[Data for analysis — start]
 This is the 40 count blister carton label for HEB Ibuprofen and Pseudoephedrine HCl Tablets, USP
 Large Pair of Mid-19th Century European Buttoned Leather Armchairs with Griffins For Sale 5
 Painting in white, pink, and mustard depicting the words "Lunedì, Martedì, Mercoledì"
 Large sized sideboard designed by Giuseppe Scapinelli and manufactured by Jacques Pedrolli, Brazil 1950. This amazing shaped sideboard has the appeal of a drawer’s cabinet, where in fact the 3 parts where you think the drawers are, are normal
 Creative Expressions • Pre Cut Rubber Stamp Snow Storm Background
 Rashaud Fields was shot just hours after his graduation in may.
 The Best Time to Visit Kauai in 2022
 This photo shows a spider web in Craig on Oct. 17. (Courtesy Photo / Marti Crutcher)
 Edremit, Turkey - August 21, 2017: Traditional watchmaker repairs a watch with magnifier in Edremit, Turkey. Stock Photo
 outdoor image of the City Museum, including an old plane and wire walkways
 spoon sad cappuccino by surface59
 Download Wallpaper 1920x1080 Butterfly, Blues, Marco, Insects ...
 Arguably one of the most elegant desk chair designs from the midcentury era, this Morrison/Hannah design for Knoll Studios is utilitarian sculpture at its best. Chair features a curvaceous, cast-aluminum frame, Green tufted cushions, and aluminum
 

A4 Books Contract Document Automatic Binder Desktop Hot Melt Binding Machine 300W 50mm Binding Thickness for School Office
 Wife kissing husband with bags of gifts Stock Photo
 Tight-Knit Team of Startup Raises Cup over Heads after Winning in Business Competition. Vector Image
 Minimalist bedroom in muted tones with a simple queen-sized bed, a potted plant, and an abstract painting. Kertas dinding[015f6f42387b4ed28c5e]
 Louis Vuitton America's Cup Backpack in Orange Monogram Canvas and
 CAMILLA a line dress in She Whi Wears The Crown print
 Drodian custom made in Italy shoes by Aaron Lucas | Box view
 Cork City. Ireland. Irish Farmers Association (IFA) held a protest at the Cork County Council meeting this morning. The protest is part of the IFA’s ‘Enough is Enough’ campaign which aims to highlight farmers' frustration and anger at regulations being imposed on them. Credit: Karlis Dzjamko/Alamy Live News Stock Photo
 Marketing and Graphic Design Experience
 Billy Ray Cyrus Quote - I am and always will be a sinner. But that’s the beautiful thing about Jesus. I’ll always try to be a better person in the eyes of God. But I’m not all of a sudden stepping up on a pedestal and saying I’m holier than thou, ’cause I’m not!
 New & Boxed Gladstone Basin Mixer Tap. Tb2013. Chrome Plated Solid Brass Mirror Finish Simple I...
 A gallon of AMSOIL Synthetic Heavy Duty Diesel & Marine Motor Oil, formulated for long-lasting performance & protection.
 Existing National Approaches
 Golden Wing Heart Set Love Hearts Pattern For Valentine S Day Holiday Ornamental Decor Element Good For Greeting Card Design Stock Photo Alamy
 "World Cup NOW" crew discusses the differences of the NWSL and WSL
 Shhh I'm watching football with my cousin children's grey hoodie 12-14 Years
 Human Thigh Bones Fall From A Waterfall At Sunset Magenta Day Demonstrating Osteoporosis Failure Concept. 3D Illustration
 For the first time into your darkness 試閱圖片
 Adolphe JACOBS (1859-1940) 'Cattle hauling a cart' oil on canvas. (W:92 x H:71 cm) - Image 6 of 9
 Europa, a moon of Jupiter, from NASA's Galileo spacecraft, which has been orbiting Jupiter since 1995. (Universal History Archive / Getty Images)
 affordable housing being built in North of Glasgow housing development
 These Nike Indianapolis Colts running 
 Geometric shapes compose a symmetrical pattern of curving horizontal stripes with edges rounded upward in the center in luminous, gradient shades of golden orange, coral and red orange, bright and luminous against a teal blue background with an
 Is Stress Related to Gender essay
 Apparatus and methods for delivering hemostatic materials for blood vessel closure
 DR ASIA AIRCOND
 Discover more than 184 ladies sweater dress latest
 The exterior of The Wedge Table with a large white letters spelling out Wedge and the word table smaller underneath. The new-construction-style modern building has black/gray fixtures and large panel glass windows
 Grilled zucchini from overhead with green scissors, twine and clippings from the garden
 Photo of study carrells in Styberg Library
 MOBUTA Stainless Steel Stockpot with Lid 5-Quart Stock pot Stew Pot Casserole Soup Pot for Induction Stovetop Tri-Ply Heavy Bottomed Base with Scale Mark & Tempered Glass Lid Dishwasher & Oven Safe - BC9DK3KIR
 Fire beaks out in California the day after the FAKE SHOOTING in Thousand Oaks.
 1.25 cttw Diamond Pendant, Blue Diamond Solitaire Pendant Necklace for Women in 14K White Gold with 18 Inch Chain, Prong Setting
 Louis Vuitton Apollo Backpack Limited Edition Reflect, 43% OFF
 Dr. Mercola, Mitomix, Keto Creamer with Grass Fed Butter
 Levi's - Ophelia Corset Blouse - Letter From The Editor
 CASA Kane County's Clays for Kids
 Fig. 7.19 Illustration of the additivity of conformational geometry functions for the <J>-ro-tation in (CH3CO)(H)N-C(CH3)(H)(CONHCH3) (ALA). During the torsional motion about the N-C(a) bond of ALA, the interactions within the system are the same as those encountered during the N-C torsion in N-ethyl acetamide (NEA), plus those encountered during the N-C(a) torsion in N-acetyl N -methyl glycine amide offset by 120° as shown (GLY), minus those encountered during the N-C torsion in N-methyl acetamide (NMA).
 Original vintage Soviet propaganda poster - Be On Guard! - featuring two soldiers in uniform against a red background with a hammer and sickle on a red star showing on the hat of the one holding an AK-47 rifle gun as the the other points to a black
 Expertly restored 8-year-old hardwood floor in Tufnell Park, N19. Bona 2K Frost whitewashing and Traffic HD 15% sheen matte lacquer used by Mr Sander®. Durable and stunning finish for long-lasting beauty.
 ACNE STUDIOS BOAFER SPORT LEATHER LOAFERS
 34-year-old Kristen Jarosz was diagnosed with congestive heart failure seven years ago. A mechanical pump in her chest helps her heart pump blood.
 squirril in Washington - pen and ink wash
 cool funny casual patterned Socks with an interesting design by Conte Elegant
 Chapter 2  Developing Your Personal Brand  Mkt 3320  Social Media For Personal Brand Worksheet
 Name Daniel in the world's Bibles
[Data for analysis — finish]
■ Task to complete ■
From the entries above, restate word for word the lines from the line containing "Is Stress Related to Gender essay" to the line containing "Photo of study carrells in Styberg Library", both ends included, and nothing more.

■ Answer to this exercise ■
 Is Stress Related to Gender essay
 Apparatus and methods for delivering hemostatic materials for blood vessel closure
 DR ASIA AIRCOND
 Discover more than 184 ladies sweater dress latest
 The exterior of The Wedge Table with a large white letters spelling out Wedge and the word table smaller underneath. The new-construction-style modern building has black/gray fixtures and large panel glass windows
 Grilled zucchini from overhead with green scissors, twine and clippings from the garden
 Photo of study carrells in Styberg Library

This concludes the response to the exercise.